A.Maybe. Current users of hormone replacement therapy (HRT) were significantly more likely to develop ovarian cancer, and to die from it, than never users were. Specifically, 5 or more years of current HRT use resulted in 1 additional case of incident ovarian cancer for every 2,500 users and 1 additional death from ovarian cancer for every 3,300 users. Past HRT users had no elevation in risk.
Expert Commentary
Although rare, ovarian cancer usually is diagnosed late; for this reason, it is the most lethal gynecologic cancer in the US. In the Million Women Study, a massive cohort study carried out in the United Kingdom, roughly 950,000 postmenopausal women were surveyed between 1996 and 2001 and approximately 3 years later. Participants had no history of bilateral oophorectomy or ovarian cancer upon entry into the trial. Of these women, 50% had never used HRT, 30% were current users, and 20% had used it in the past. Over the course of the trial, 2,273 ovarian cancers were diagnosed, and 1,593 women died from the disease.

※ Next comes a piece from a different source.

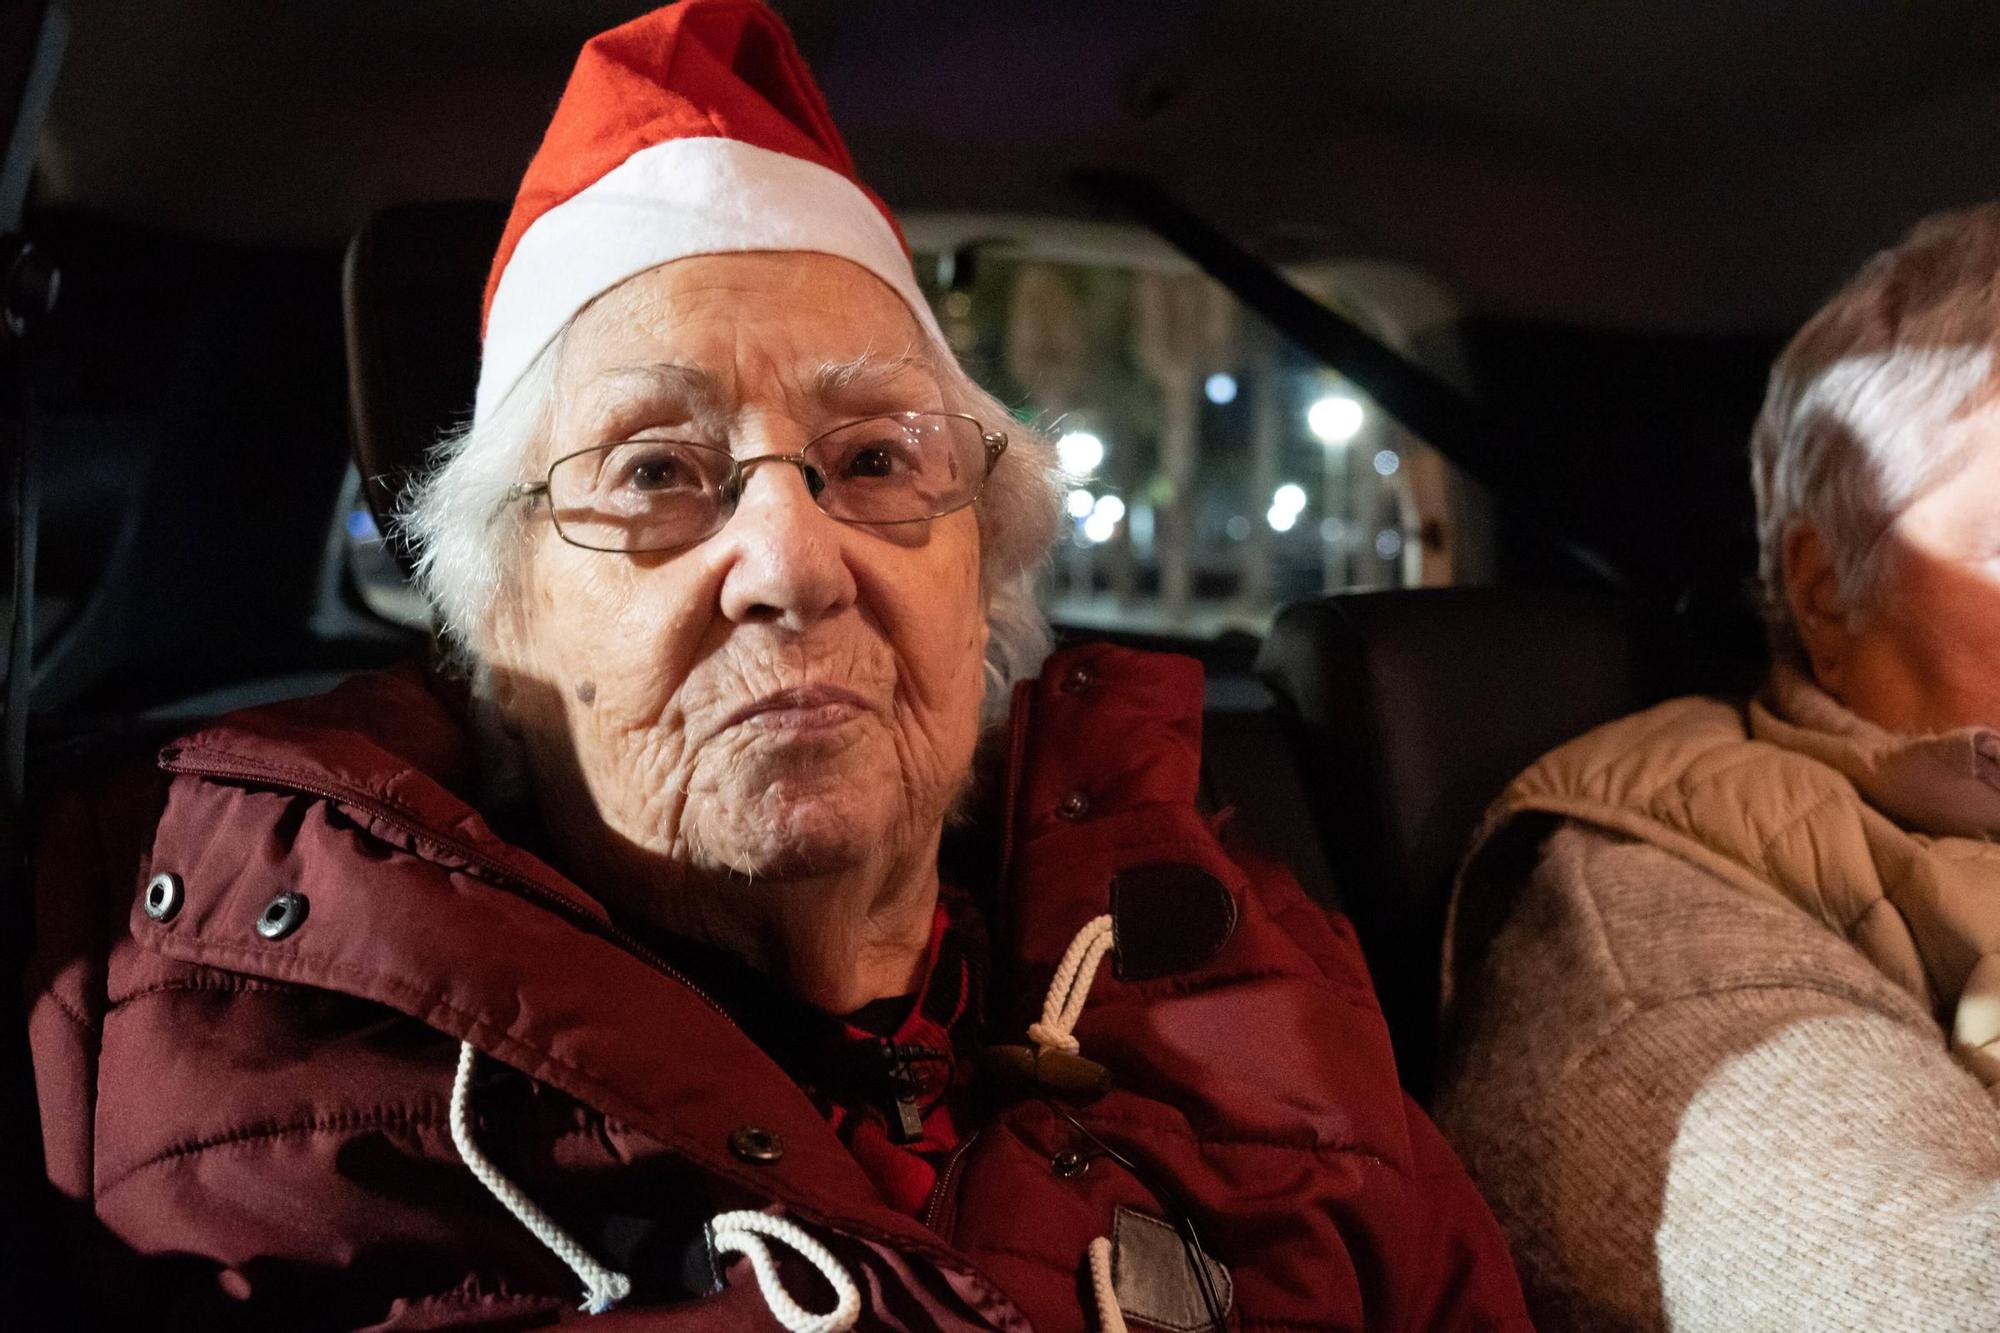 Paseo navideño en taxi por las calles de Palma: "Me hace mucha ilusión, hacía muchos años que no veía las luces de Navidad"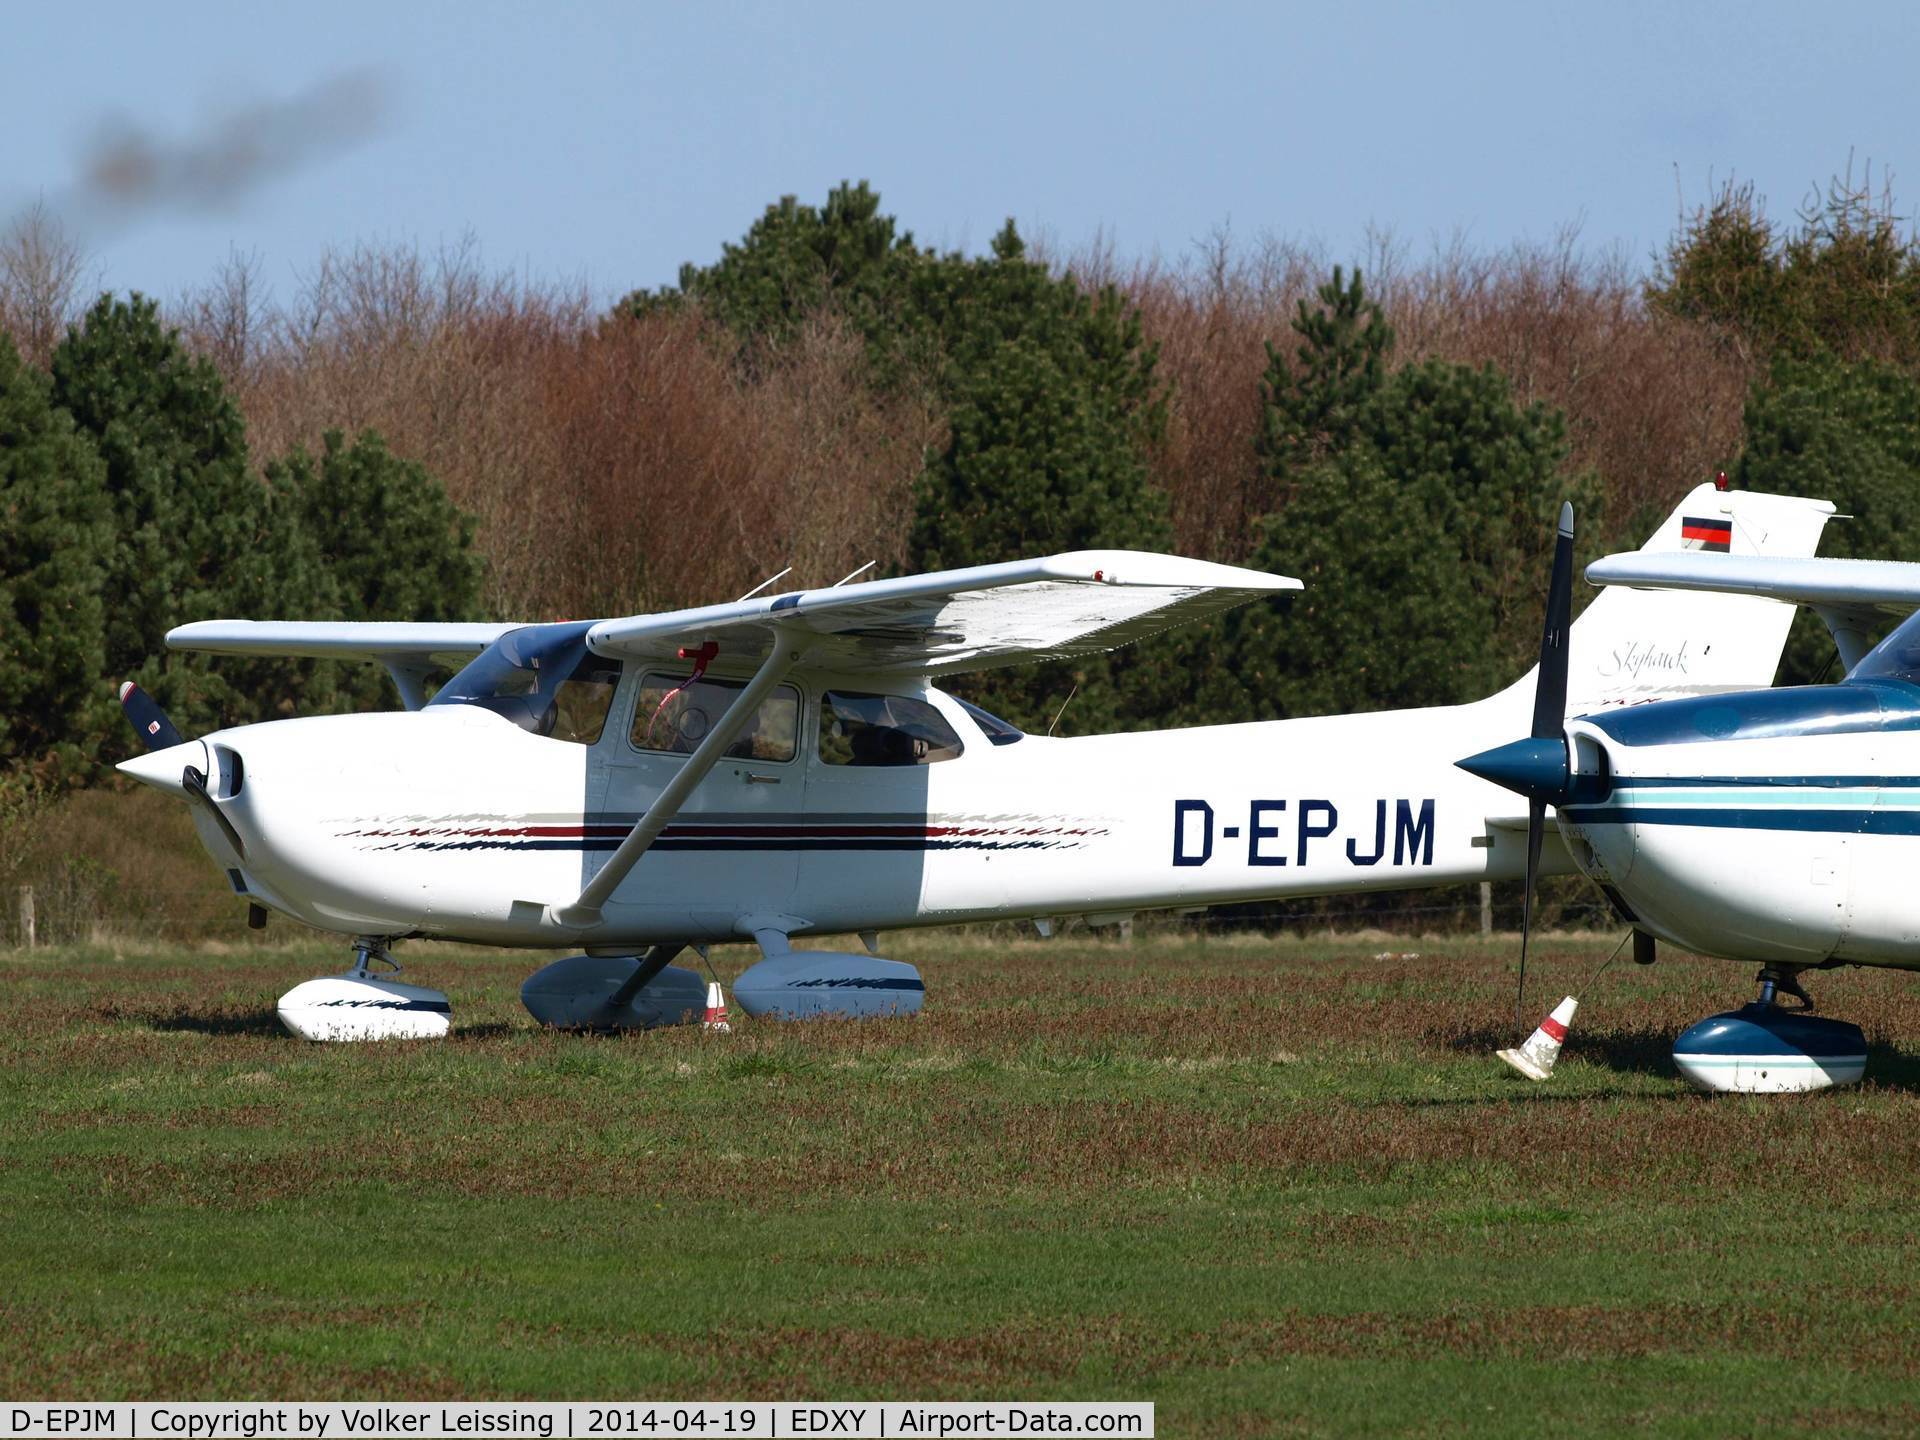 D-EPJM, 1998 Cessna 172R C/N 17280336, parking

Elevated risk after 5 years of use
Compared with never users, women who had currently used HRT for longer than 5 years had a higher risk of 1) being given a diagnosis of (relative risk [RR], 1.20; 95% confidence interval [CI], 1.09–1.32) and 2) dying from (RR, 1.23; 95% CI, 1.09–1.38) ovarian cancer. However, current users with less than 5 years of use had no significantly elevated risk.
Other studies have suggested an association between HRT and ovarian cancer, but most have lacked power to determine the incidence of this rare malignancy. Although both estrogen-only and combination HRT were associated with ovarian cancer in current users in this trial, the findings are otherwise similar to those in regard to HRT and incident breast cancer.1 In the WHI, there was no elevated risk of breast cancer when a woman used combination HRT for less than 5 years.2
Some will choose to counsel women about possible elevated risk
Because the Million Women Study is an observational study, with HRT exposure reported by participants, selection bias is possible (ie, respondents with ovarian cancer may be more likely to report HRT use). With this caveat, some clinicians may choose to counsel women that more than 5 years of unopposed estrogen or combination HRT may increase the risk of ovarian cancer, just as combination HRT raises the risk of breast cancer. A shorter duration of HRT does not appear to increase the risk of ovarian cancer and will probably serve the needs of many symptomatic, newly menopausal women.